What you need to succeed

• Bachelor’s degree in an Engineering related field or business administration

• Minimum four years working with regulators in the medical industry

• Minimum eight years of process management experience including training, development and coaching

• Minimum six years of experience with the use and implementation of Quality Management Systems

• ISO 13485 Quality System experience

• FDA QSR regulations experience (21CFR820 etc.)

• Public speaking and/or presentation experience

• Excellent verbal and written skills in the English language

• Experience in MS Office Suite

• Ability to travel to the Charleston HQ on a quarterly basis

• Able to obtain a valid passport for occasional international travel

APPLY ONLINE NOW (http://recruitingapp-2806.umantis.com/Vacancies/5751/Application/CheckLogin/2)

As a full-time team member, you will be eligible for our excellent benefits package to include medical, dental, vision, life and disability insurances, 401(k) with a company match, multiple paid time off programs, flexible work from home options and more!

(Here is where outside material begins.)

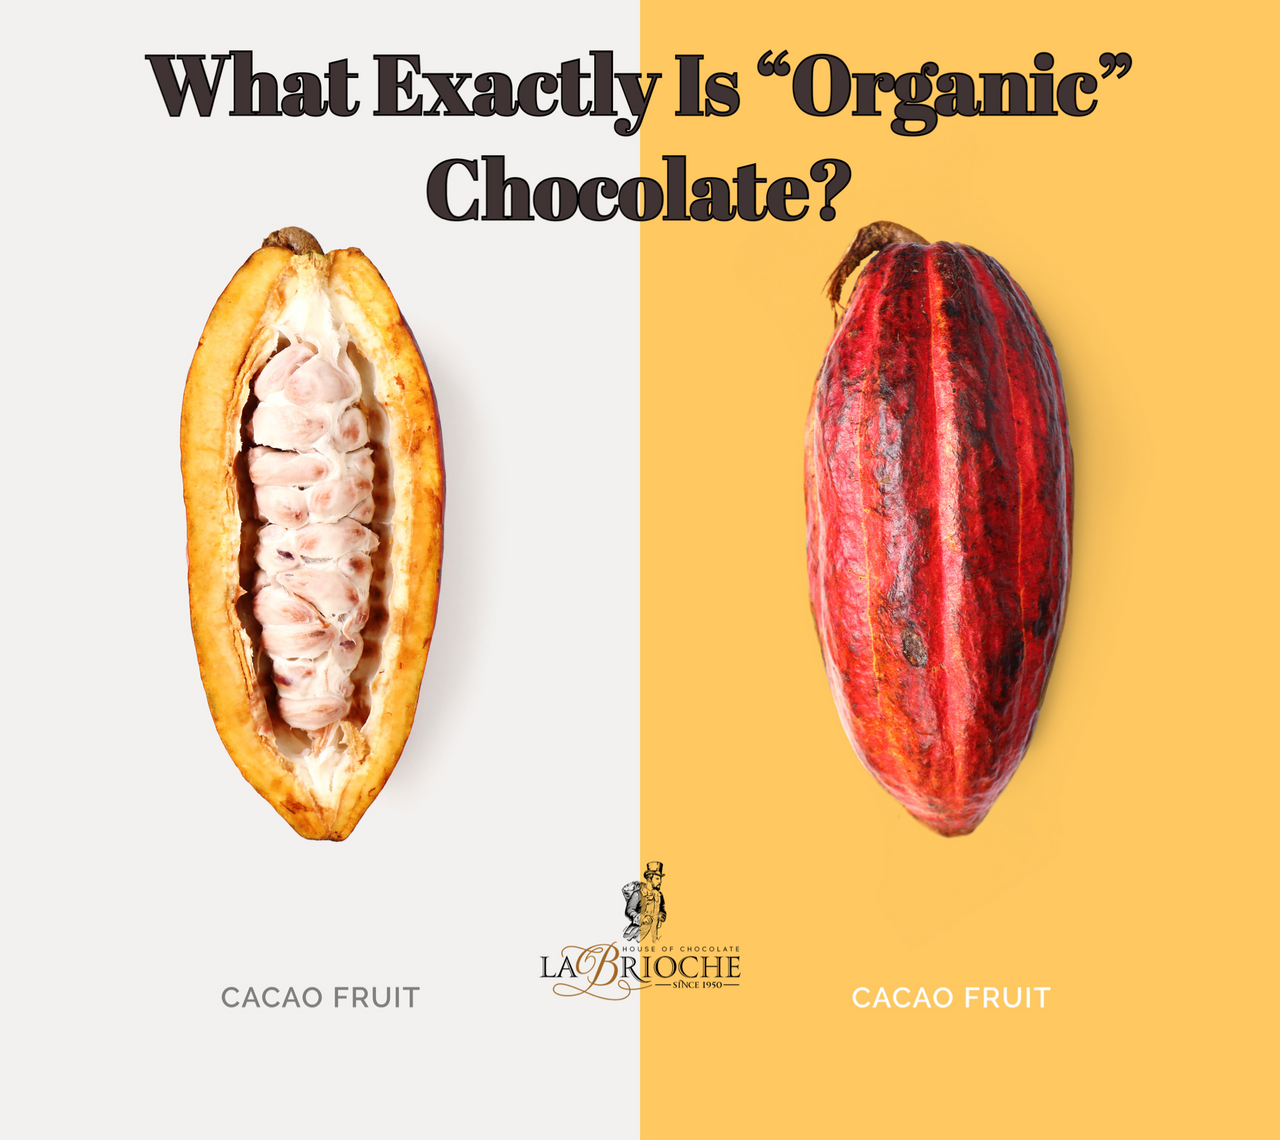 What Exactly Is “Organic” Chocolate?

Belimed, Inc. provides equal employment opportunities to all employees and applicants for employment and prohibits discrimination and harassment of any type without regard to race, color, religion, sex (including pregnancy, gender identity or expression, and sexual orientation), parental status, national origin, age, disability, genetic information (including family medical history), political affiliation, military service, or other non-merit based factors. This policy applies to all terms and conditions of employment, including recruiting, hiring, placement, promotion, termination, layoff, recall, transfer, leaves of absence, compensation and training. EOE

Resume submittals from individual recruiters or third party recruiting agencies are not approved for this opportunity at this time.